Выбрать главу

А шалаш в саду — это наша работа. И нашим был пес с самым банальным собачьим именем Шарик. Он хорошо сторожил сад вместе с нами, четырьмя мальчишками-детдомовцами. Директор, который в своих хозяйственных расчетах придавал этому графскому саду большое значение, высоко ценил наши заслуги и в полной мере наделял нас счастливой мальчишеской свободой. Мы были свободны от всех дежурств, от разных огородных работ и даже обедали после того, как все остальные дети шли на «мертвый час». Нас контролировал только сам директор, но, разумеется, сделав бдительность своим рабочим качеством, мы легко переносили его педагогические набеги.

Мне так четко видится сейчас тот старый сад, дом с высоким шпилем, белые занавески в проеме окна и женщина за фортепиано…

А на подоконнике — наши зачарованные лица, лица сторожей, которые совсем забыли о бдительности и вообще о своих обязанностях и боятся пропустить хоть один из этих чудесных звуков. Они падают на сердце и пробуждают там смутные образы пока еще незнакомого, но уже услышанного, всей душой какого-то другого мира…

Разве мог я представить тогда, что больше чем через двадцать лет буду слушать ту мелодию Шопена в исполнении известного пианиста, друга моего детства Виктора Крылова, одного из прежних детдомовских «сторожей»…

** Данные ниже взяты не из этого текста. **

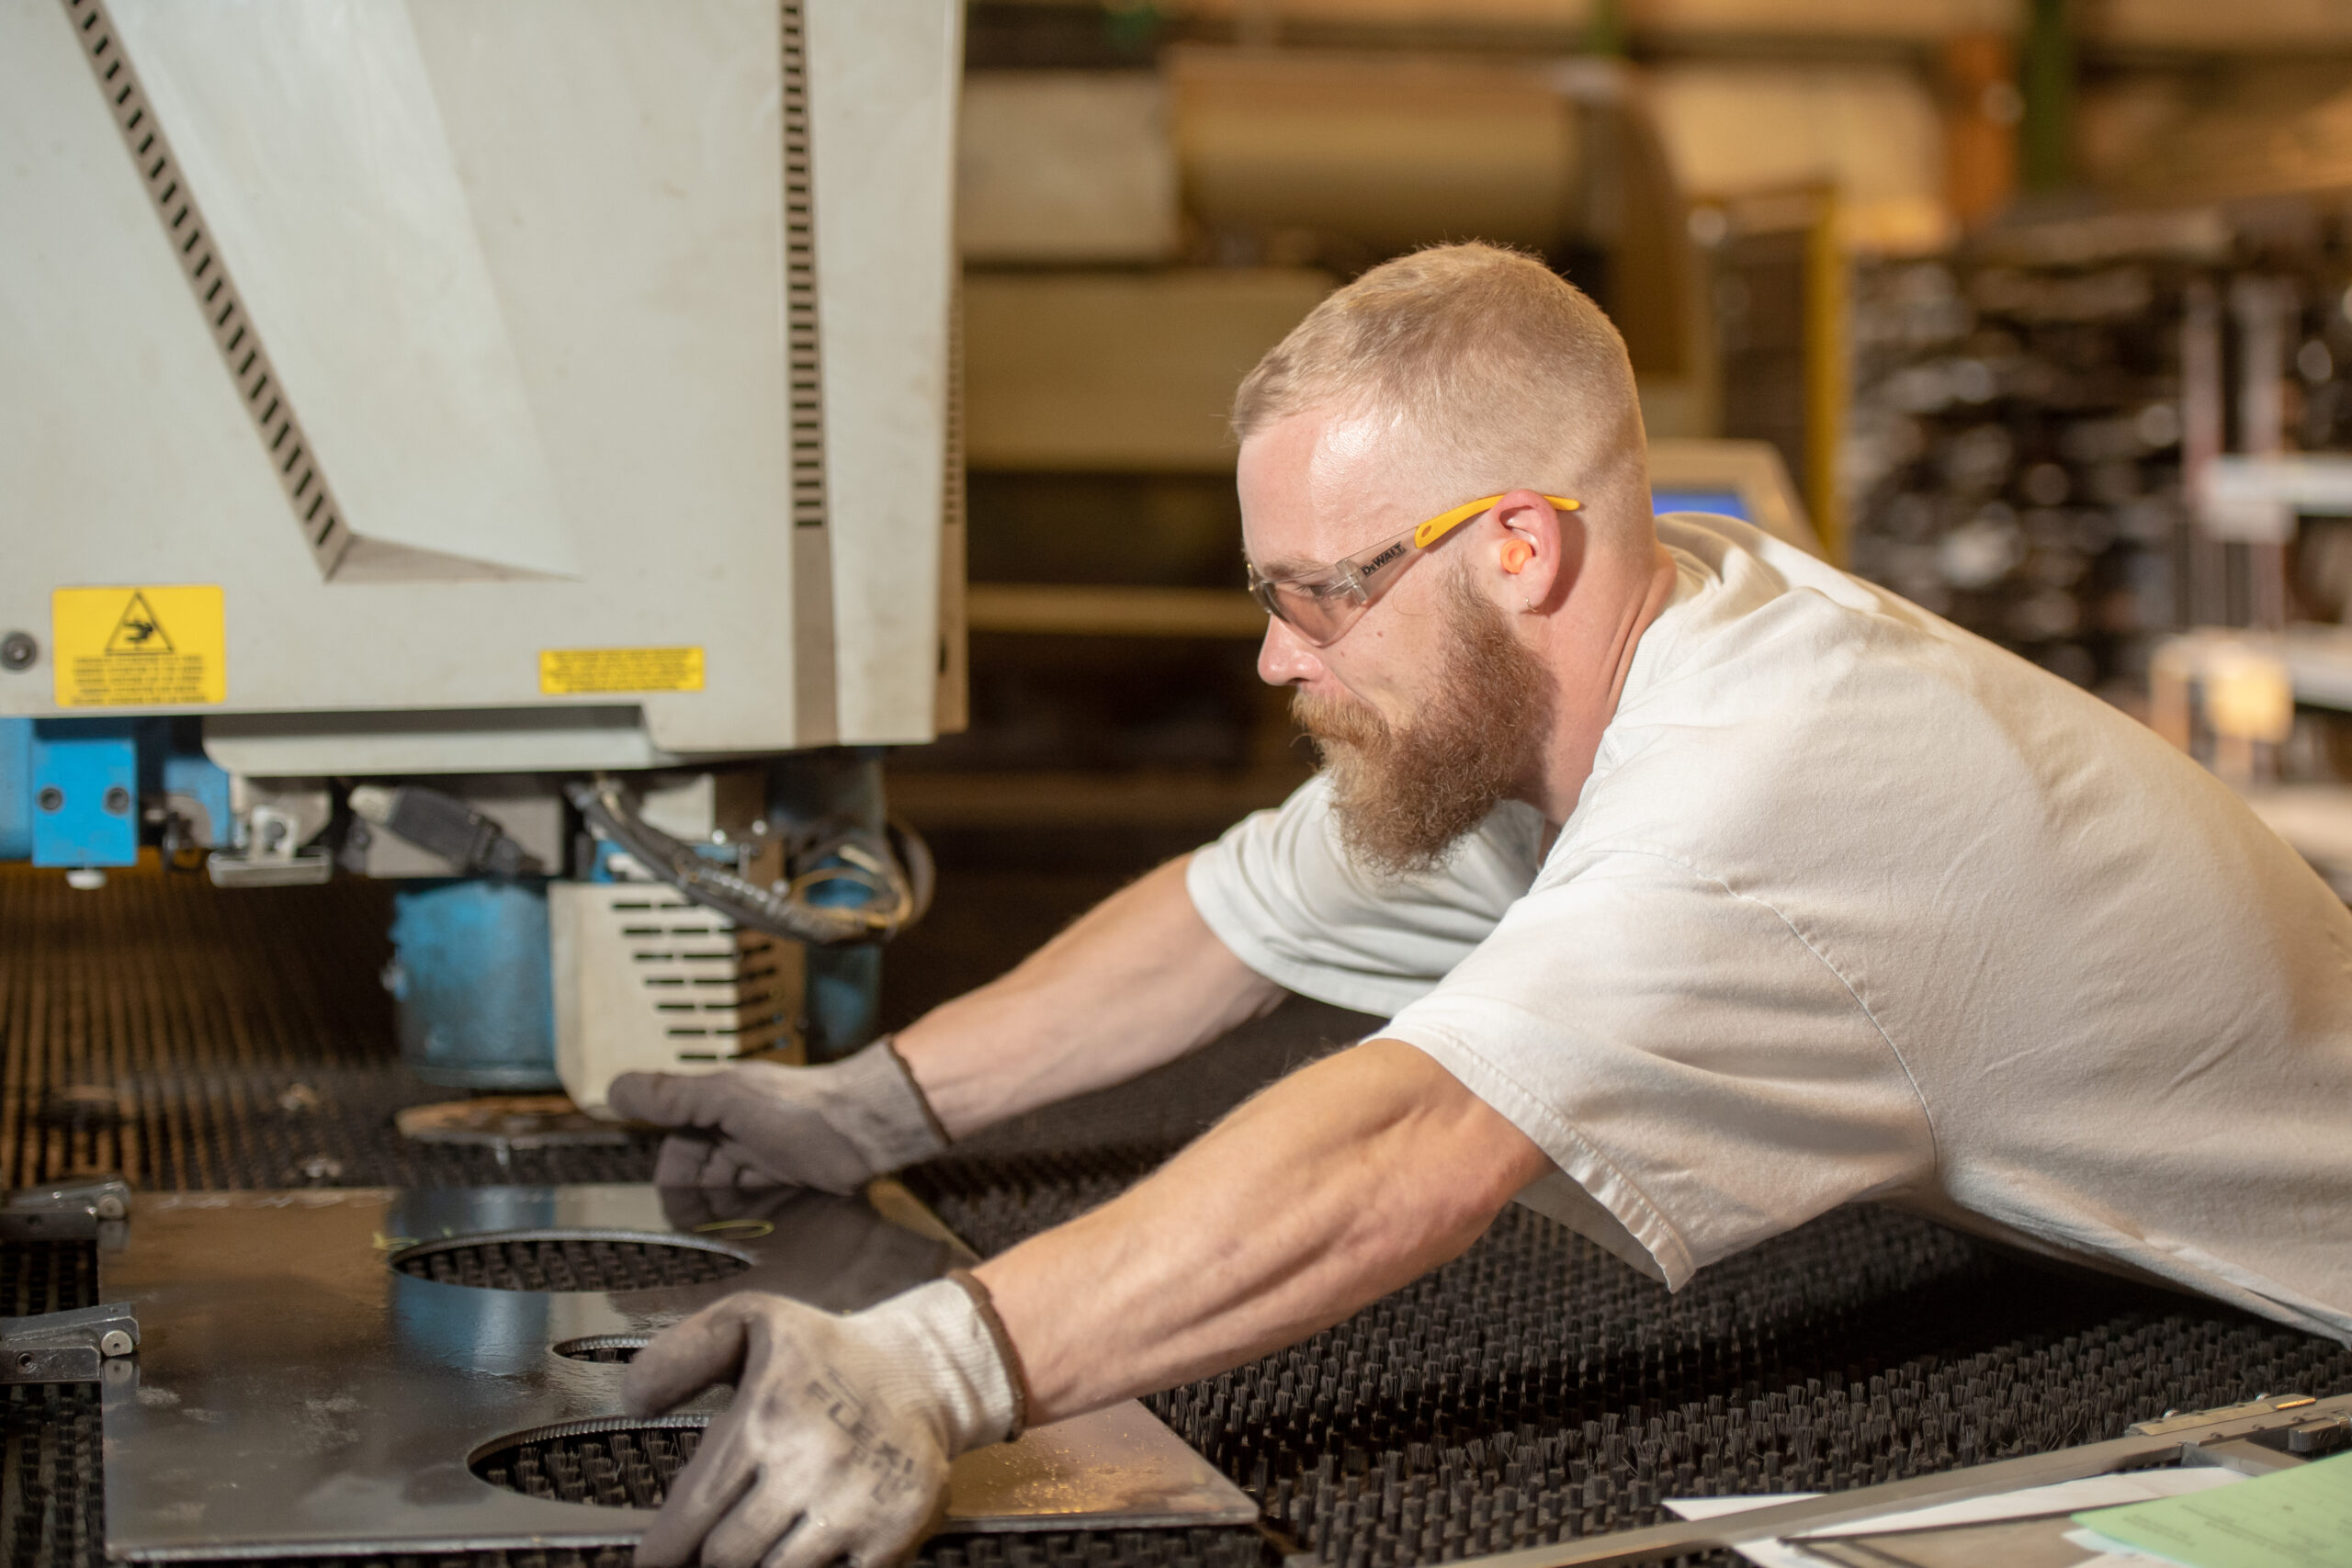 worker running a punch press machine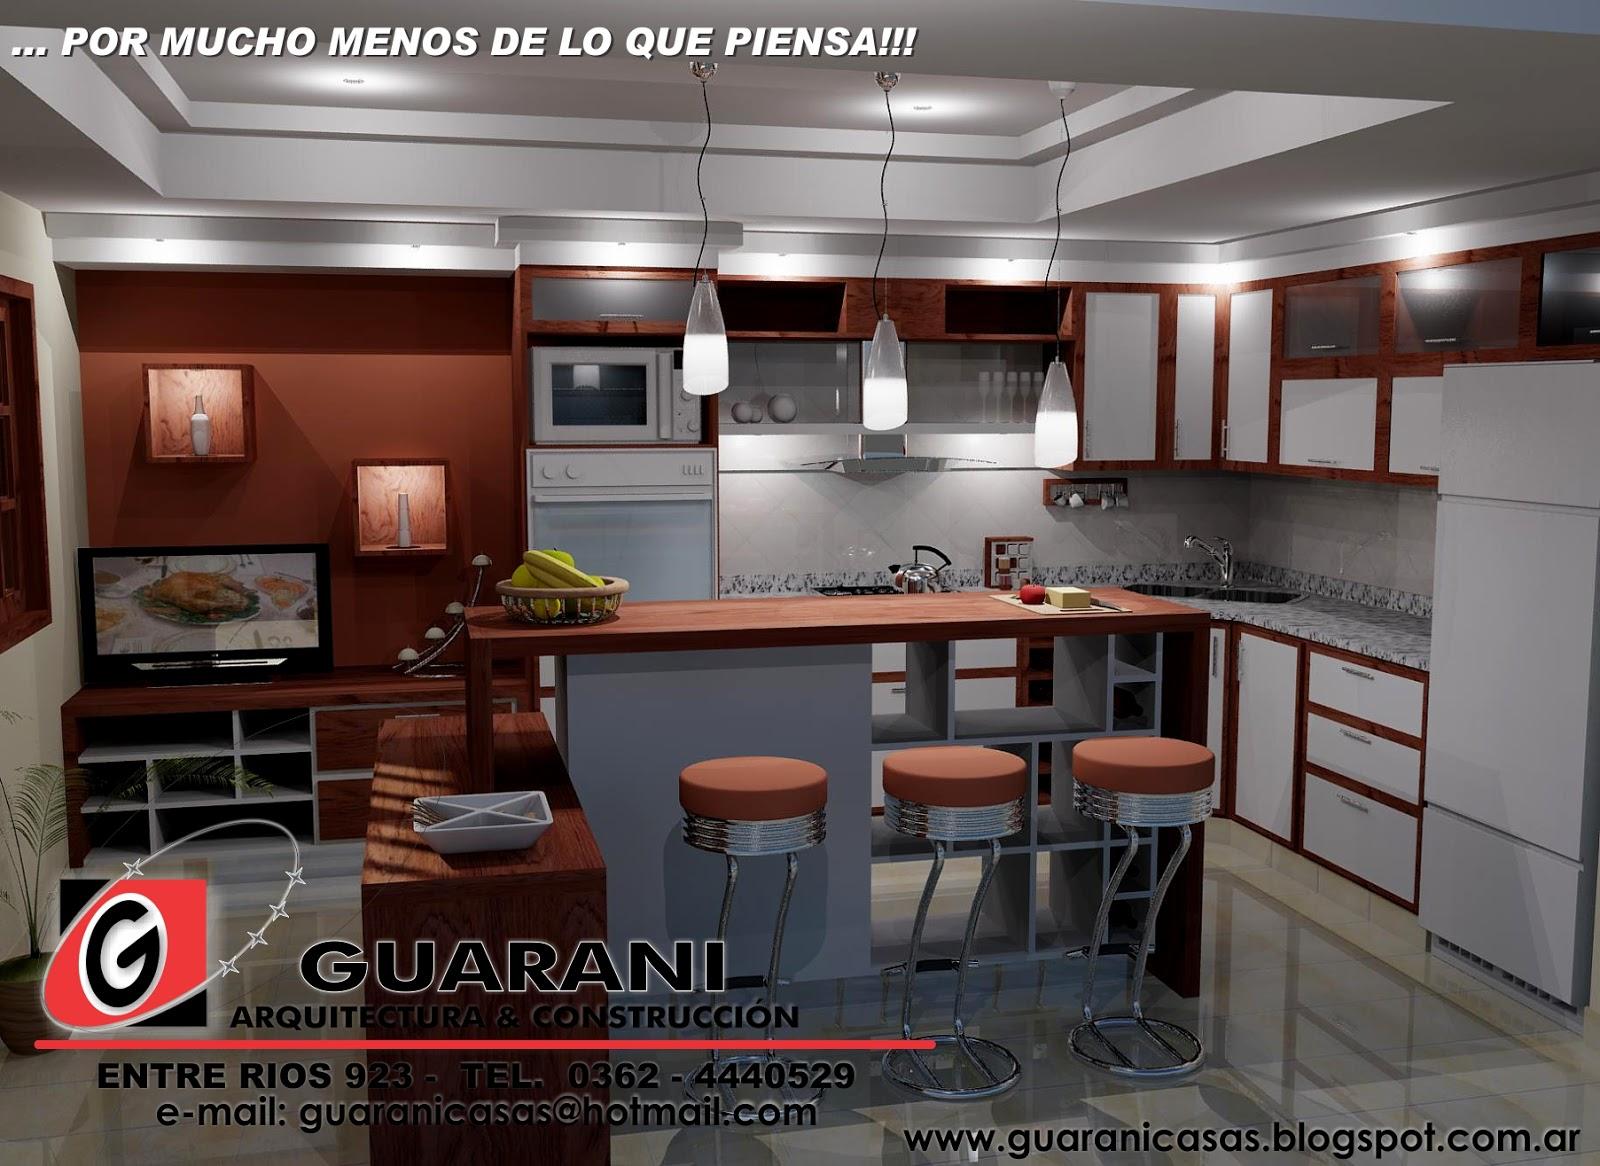 Arquitectura y construccion dise os de cocinas casa de - Diseno de cocina 3d ...

После концерта, растроганный и гордый, я пробираюсь за кулисы, жду, пока Виктор примет поздравления и переоденется. Мы вместе выходим из филармонии и оказываемся в подсвеченном фонарями полумраке вечернего города. Мой друг ежится и зябко кутается в воротник пальто. Я догадываюсь, что это не от холода — на дворе тепло, — а от возбуждения, которое еще не прошло, от недавнего нервного напряжения. Он спрашивает, понравилась ли мне его игра. Что я могу сказать? Разве передашь в двух словах то сложное и, в общем-то, невыразимое словами ощущение, тот поток воспоминаний-ассоциаций, что приходили ко мне во время концерта? Поэтому я говорю, что игра мне понравилась, но что я профан в музыке и сказать что-то более веское не могу. Он смеется и напоминает то время, когда все мы в детдоме увлеклись музыкой и записались в кружок, который организовала Вера Максимовна, и что тогда я делал успехи вроде бы не меньшие, чем он.

— Вот ты говоришь, что не можешь разобраться в моей игре, — говорит он. — Но тебе понравилось — и хорошо. Искренне признаться, так я тоже не люблю говорить о музыке на том специальном языке, который уважают музыковеды. Но подожди, о чем это я хотел сказать? — Он дотрагивается рукой до лба, словно это должно помочь ему вспомнить. — Ага… Когда я играю этот концерт, а говорят, что он удается мне лучше многого другого, я думаю совсем не о том, как одолеть трудный пассаж или выдать блестящее туше. Я начинаю вспоминать жизнь Шопена. У него была нелегкая, мученическая жизнь, брат… Эмиграция, боль за угнетенную отчизну, тяжелая болезнь… Ну, да ты сам знаешь. На его произведениях лежит след всего этого. Но Второй концерт… Между прочим, это его первый концерт, фа-минорный, он еще и так называется. Просто его опубликовали поздней первого. Так вот… Он написан девятнадцатилетним юношей. И если в позднейших произведениях радость жизни, радость любви воплощаются чаще всего как воспоминание или как мечта, то тут, я сказал бы, все это существует в чистом виде, в истинном проявлении. Первая часть, ее главная тема, как я представляю, навеяна чудесными, дорогими сердцу, хотя, может, и не очень яркими, пейзажами. Это необыкновенно мелодичный и вдохновенный образ родного края. У Шопена это, может, Желязова Воля под Варшавой, имение графа Скарбка, где родился Фредерик, у нас с тобой Голович-Поле, в котором мы росли, у кого-то другого — еще что-то. А вот вторая часть — это нежность, поклонение, чистое и высокое удивление перед красотой, идеал любви.

Он говорил горячо, сбиваясь, перескакивая с одного на другое, размахивал руками, вдруг останавливался и хватал меня за пальто, так что на нас оглядывались прохожие.

— Нет, ты только послушай, — в восхищении и каком-то удивлении повторил он и пропел несколько нот. — Слышишь, как звучит?